Иннокентий Павлович в который уже раз не мог не подивиться мгновенной сметке и рекламной сноровке своего заместителя.
- Для начала пригласи его к нам, - как можно равнодушнее и небрежнее сказал он.
- В банк, сюда?! - возмутился тот. - Национального философа - в низменную бухгалтерскую, по сути, контору?! Ты сошел с ума, Кеша! Ты пригласишь его на обед тет-а-тет в лучший ресторан! Даже я там буду лишний, счетовод ничтожный! А следом - обед на тридцать-сорок кувертов для, один к одному, гигантов отечественной мысли и отцов демократии! Нет, уж это-то будет посильнее, чем "Фауст" Гете: Премия "Русского наследия"!.. Вот это будет всем анекдотам анекдот!

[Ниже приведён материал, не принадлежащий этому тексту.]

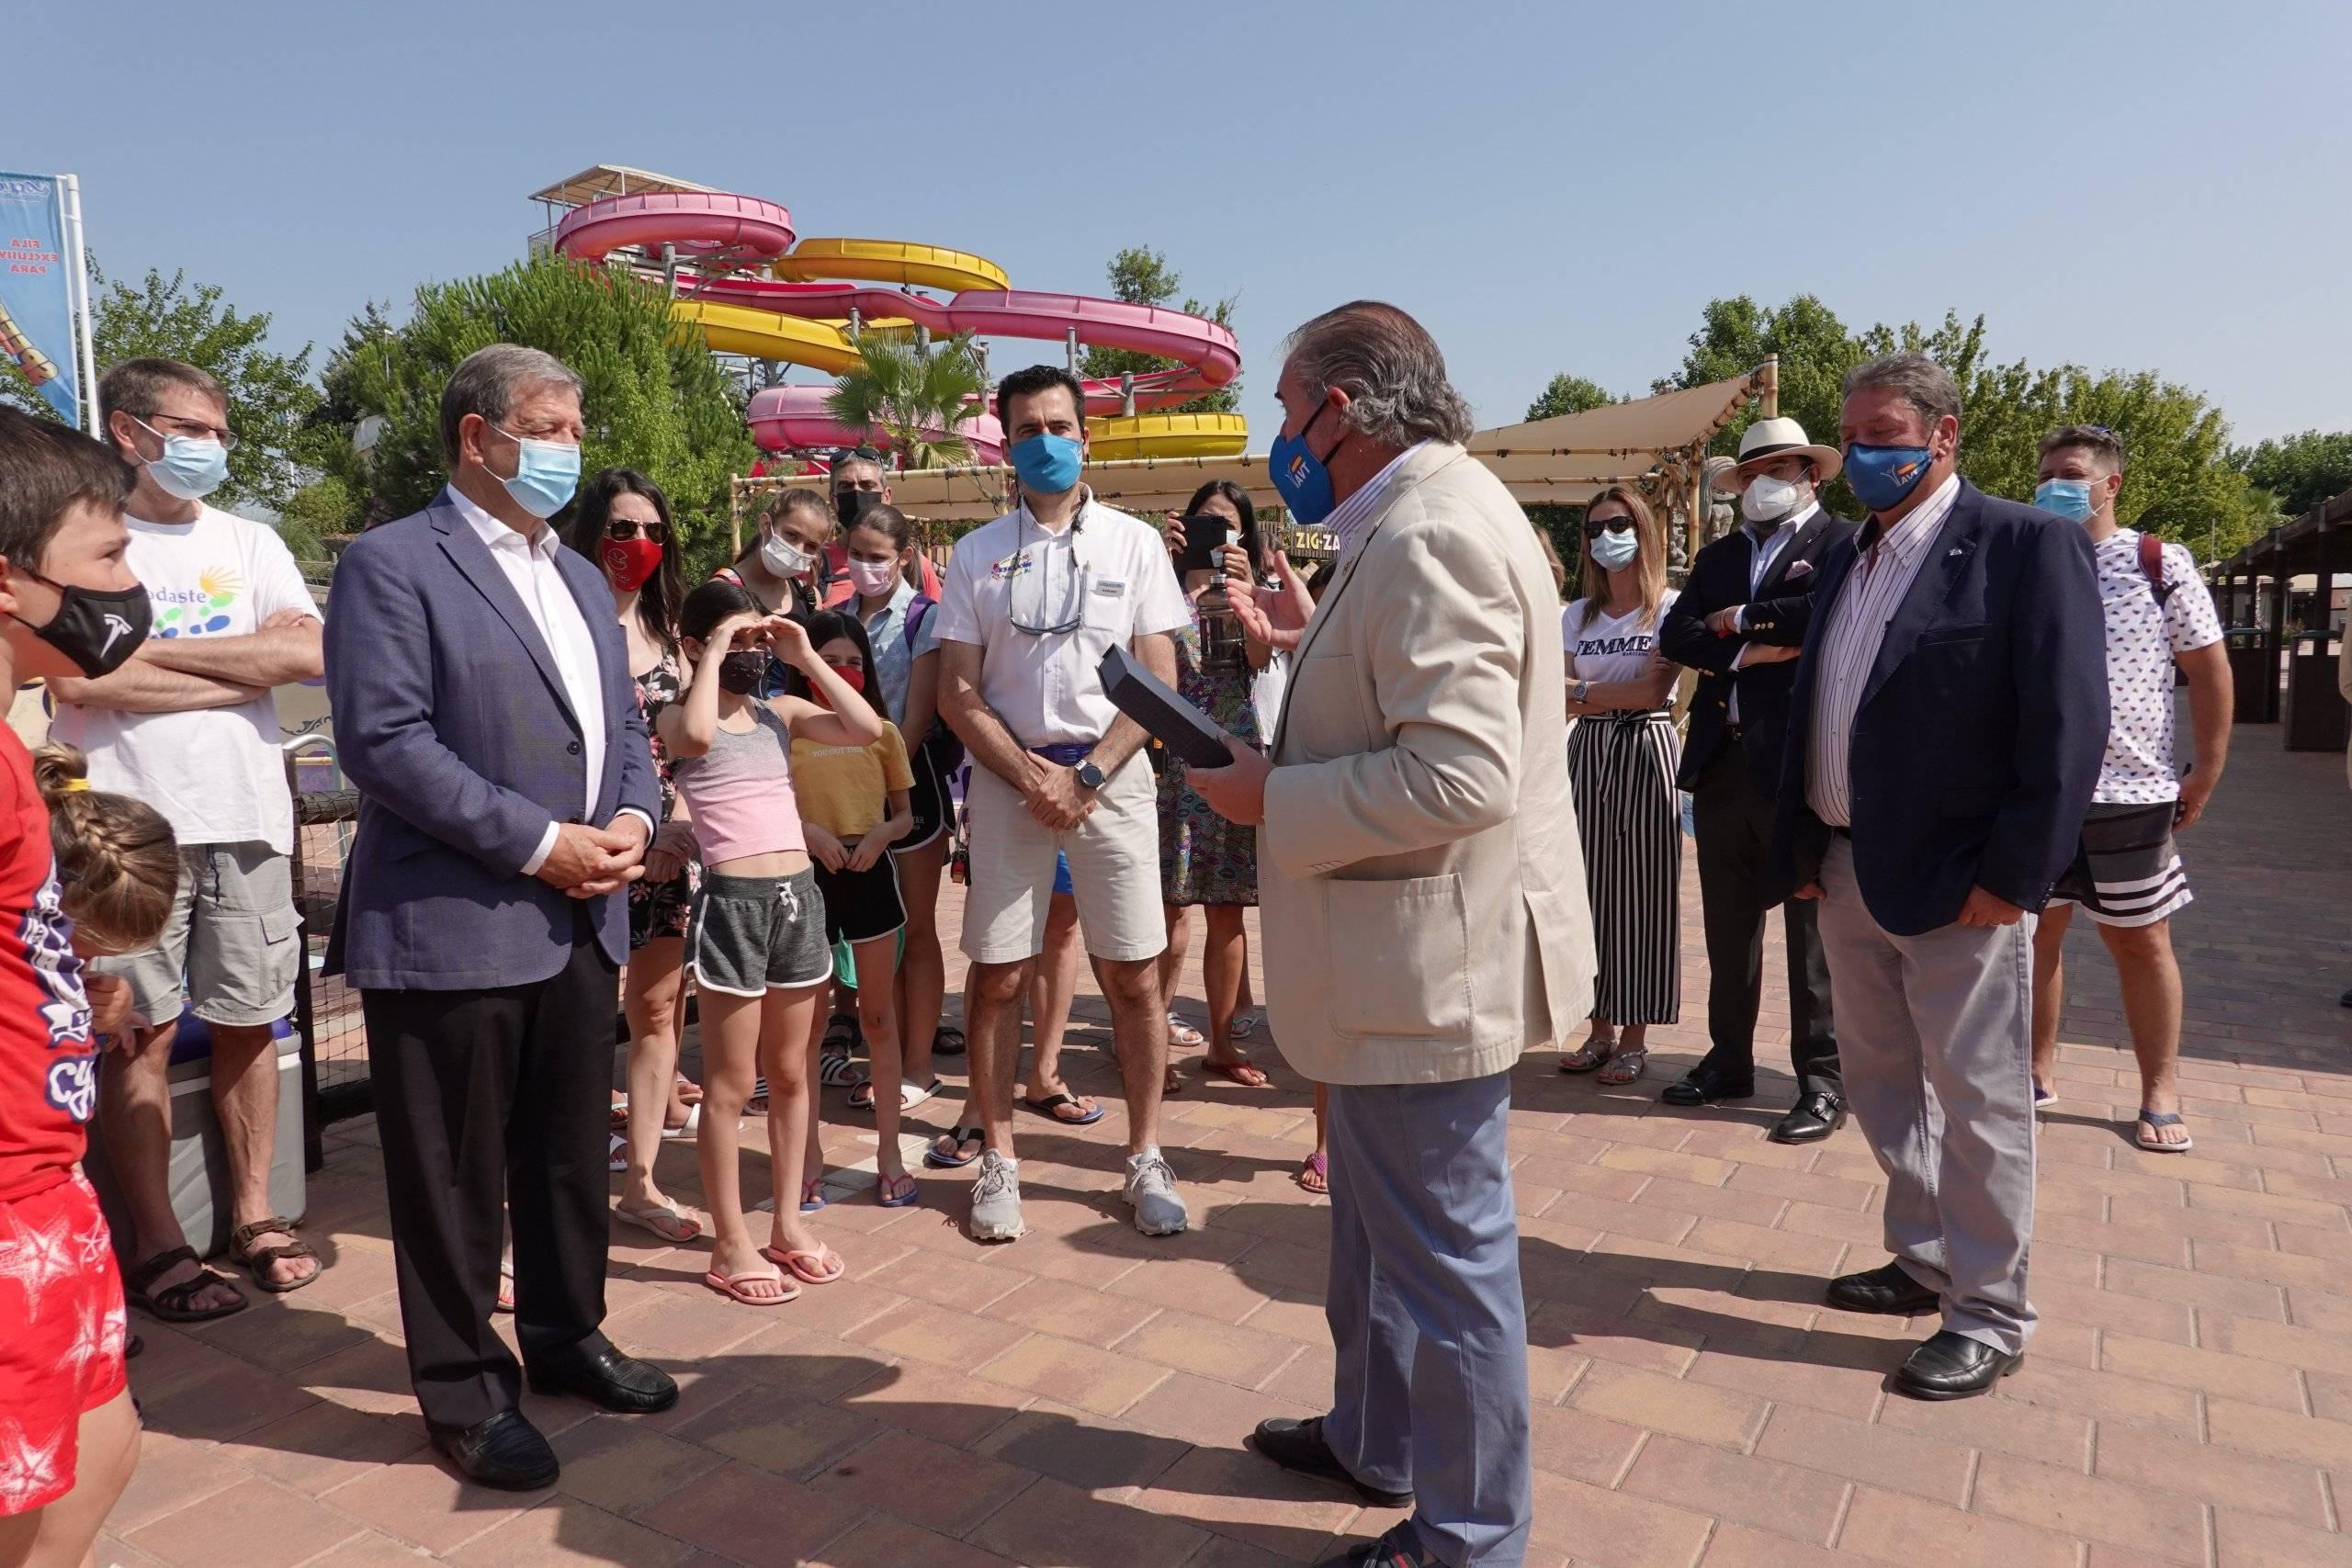 Momento de la entrega del galardón de la AVT al alcalde.

Прежде чем выйти за дверь кабинета, Абгарыч обернулся к боссу и сказал через плечо с обычной своей жизнерадостной усмешкой:
- Не такие уж мы, слава Богу, нынче рабы, да и они на господ уже не шибко тянут.

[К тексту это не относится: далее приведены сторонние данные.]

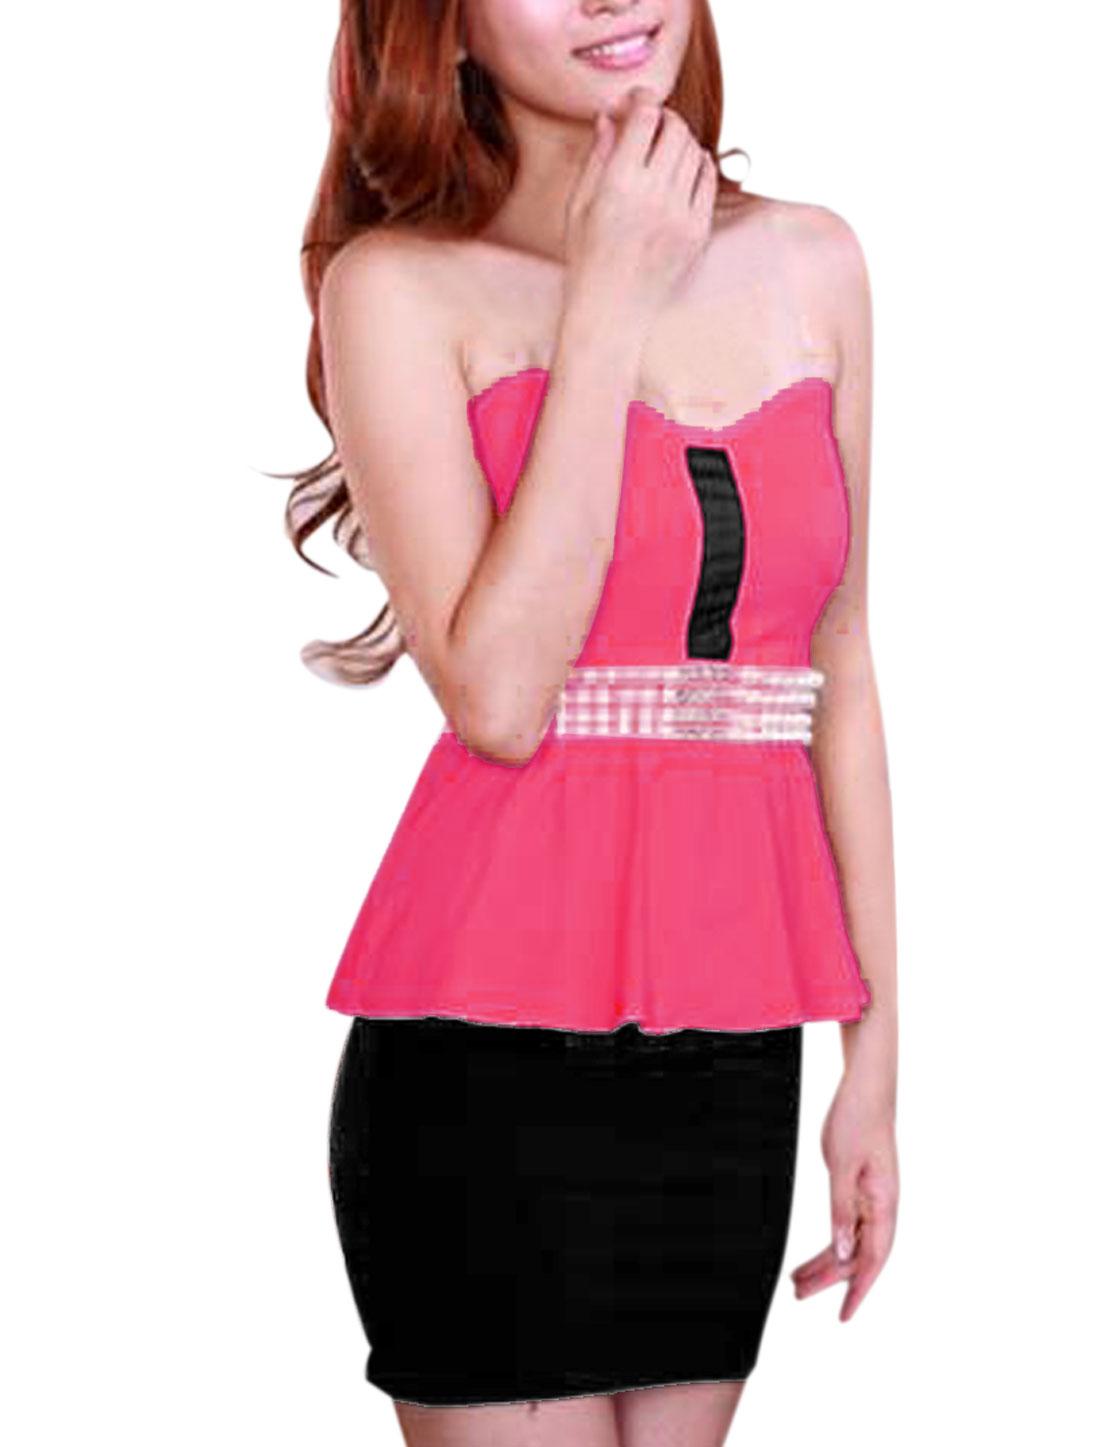 Women Sleeveless Transparent Straps Peplum Dress Fuchsia Black XS

А Иннокентий Павлович поймал себя на однажды уже пришедшей ему, да так и застрявшей в мозгу ржавым гвоздем мысли, что, раздайся вдруг звонок этого "инкогнито", прячущегося за ни о чем, казалось бы, не говорящим псевдонимом, и разразись напророченные Левоном Абгаровичем форс-мажорные обстоятельства, единственным местом не то что в Москве, но и во всем мире, где он мог бы укрыться от них, был бы все тот же лежащий в развалинах графский особняк…
А меньше чем через полгода состоялось вручение новорожденной премии первому лауреату, но, поскольку дом на Покровке продолжал пребывать в прежнем непрезентабельном состоянии, пришлось провести эту церемонию в Колонном зале - "тоже не слабо", как выразился Левон Абгарович, - как-никак, бывшее Дворянское собрание.
Но до этого Абгарыч настоял на том, чтобы Иннокентий Павлович пригласил Сухарева, дабы познакомиться и составить собственное о нем впечатление, пообедать вдвоем в "Метрополе".